Here are a few prompts to help define your version of EA values:

  1. EA's emphasize quantitative approaches to charity, as part of maximizing their impact cost-effectively. Quantitative approaches have pros and cons, so how to contextualize them? They don't work in all cases, but that's not a bad thing. Maybe EA should only pay attention to contexts where quantitative approaches do work well. Maybe that limits EA flexibility and scope of operations, but also keeps EA integrity, accords with EA beliefs, and focuses EA efforts. You have specific suggestions about IBT and what makes a claim of probabilistic knowledge feasible. Those can be incorporated into a value statement. Will you help EA focus and limit its scope or are you aiming to improve EA flexibility because that's necessary in every context where EA operates?

  2. EA's emphasize existential risk causes. ConcernedEA's offer specific suggestions to improve EA research into existential risk. How would you inform EA values about research in general to include what you understand should be the EA approach to existential risk research? You heed concerns about evaluation of cascading and systemic risks. How would those specific concerns inform your values?

  3. You have specific concerns about funding arrangements, nepotism, and revolving doors between organizations. How would those concerns inform your values about research quality or charity impact?

  4. You have concerns about lack of diversity and its impact on group epistemics. What should be values there?

You can see the difference between brand-building:

  • ethicality
  • impactfulness
  • truth-seeking

and getting specific

  • research quality
  • existential, cascading, and systemic risks
  • scalable and impactful charity
  • quantitative and qualitative reasoning
  • multi-dimensional diversity
  • epistemic capability
  • democratized decision-making

That second list is more specific, plausibly hits the wrong notes for some people, and definitely demonstrates particular preferences and beliefs. As it should! Whatever your list looks like, would alignment with its values imply the ideal EA community for you? That's something you could take another look at, articulating the values behind specific reforms if those are not yet stated or incorporating specific reforms into the details of a value, like:

  • democratized decision-making: incorporating decision-making at multiple levels within the EA community, through employee polling, yearly community meetings, and engaging charity recipients.

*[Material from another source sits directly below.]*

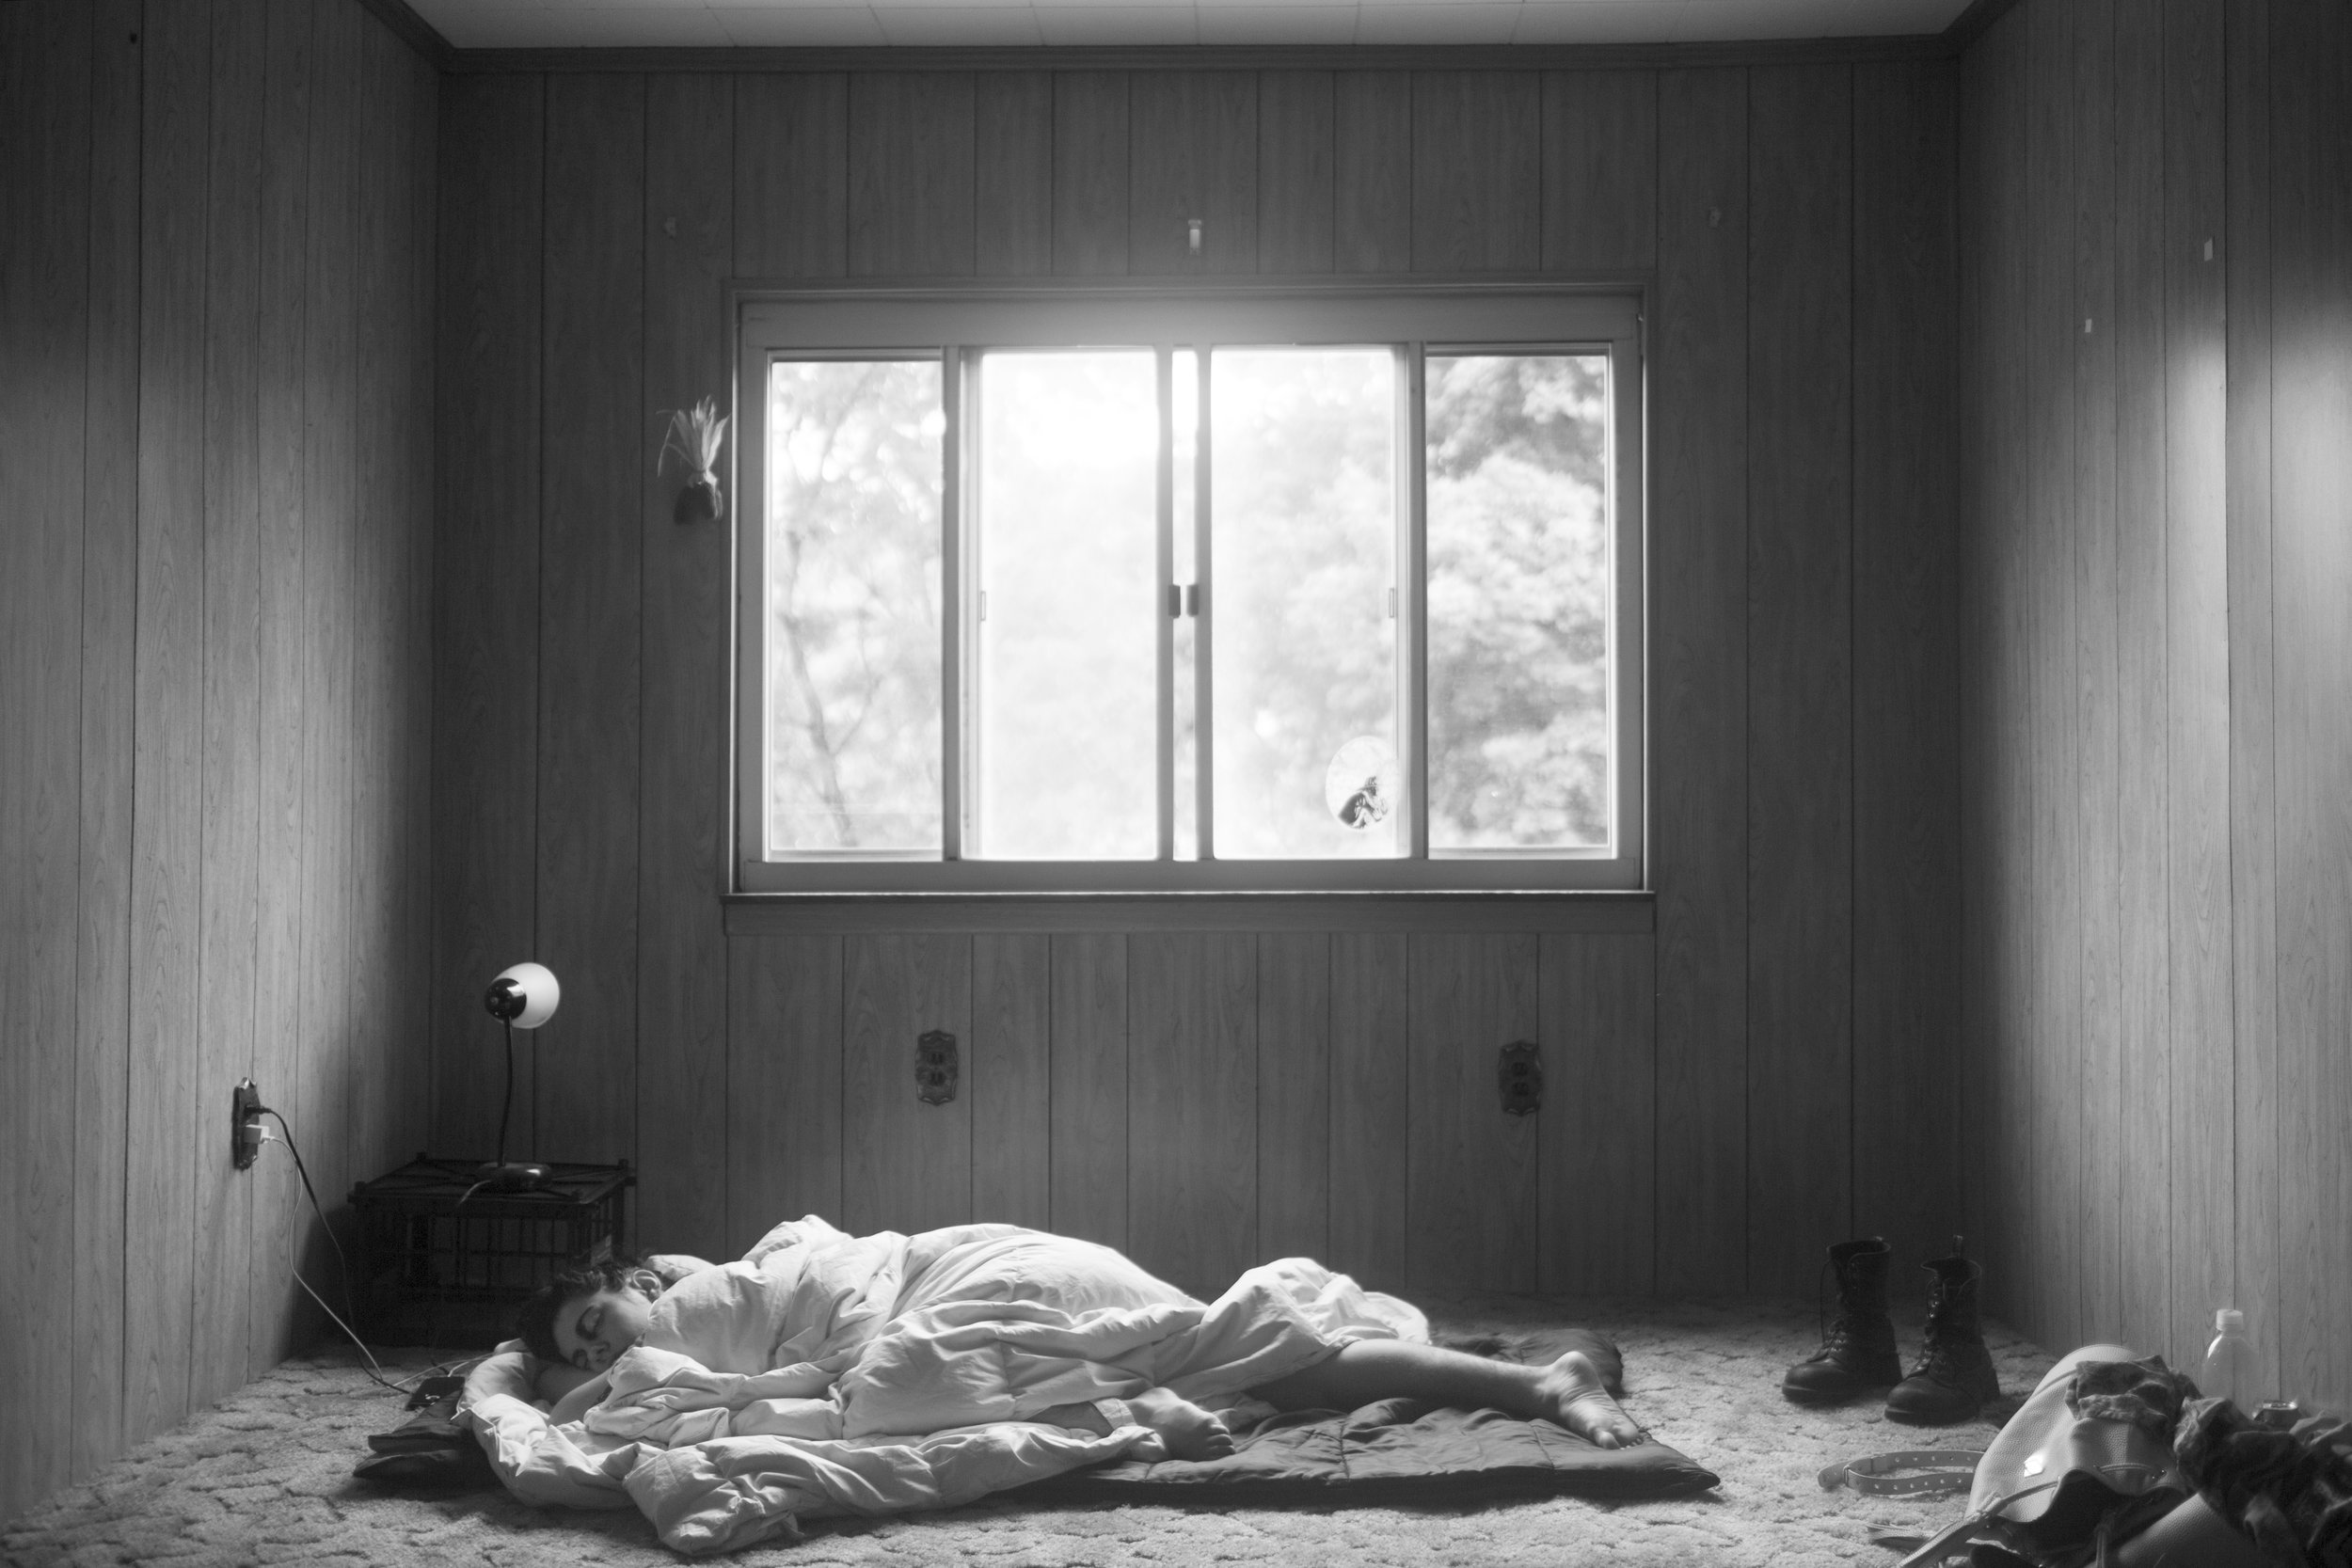 Farra Sleeping, Pittsburgh, 2016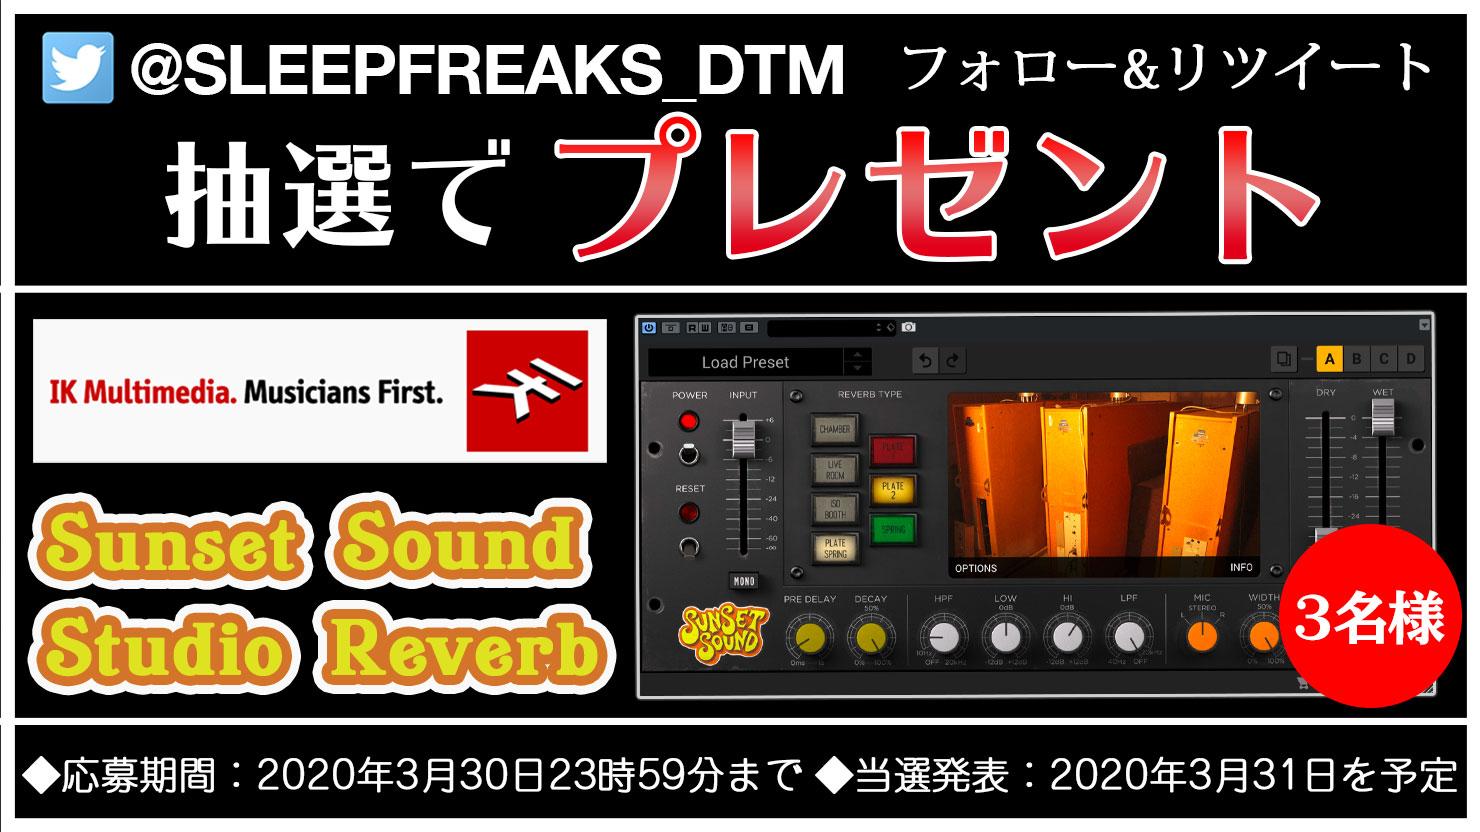 Present-IK-Multimedia-T-RackS-Sunset-Sound-Studio-Reverb-Top

I don't know whether you like the specific value descriptors I chose there. Perhaps I misinterpreted your values somewhat. You can make your own list. Making decisions in alignment with values is the point of having values. If you don't like the decisions, the values, or if the decisions don't reflect the values, the right course is to suggest alterations somewhere, but in the end, you still have a list of values, principles, or a philosophy that you want EA to follow.

[1] As I wrote in a few places in this post, and taking a cue from Google and the linux philosophy, sometimes doing one thing and doing it well is preferable to offering loads of flexibility. If EA is supposed to be the swiss-army knife of making change in the world, there's still a lot of better organizations out there for some purposes rather than others, as any user of a swiss-army knife will attest, they are not ideal for all tasks. Also, your beliefs will inform you about what you do well. Does charity without quantitative metrics inevitably result in waste and corruption? Does use of quantitative metrics limit the applicability of EA efforts to specific types of charity work (for example, outreach campaigns)? Do EA quantitative tools limit the value of its work in existential risk? Can they be expanded with better quantitative tools (or qualitative ones)? Maybe EA is self-limiting because of its preferred worldview, beliefs and tools. Therefore, it has preferred limitations. Which is OK, even good.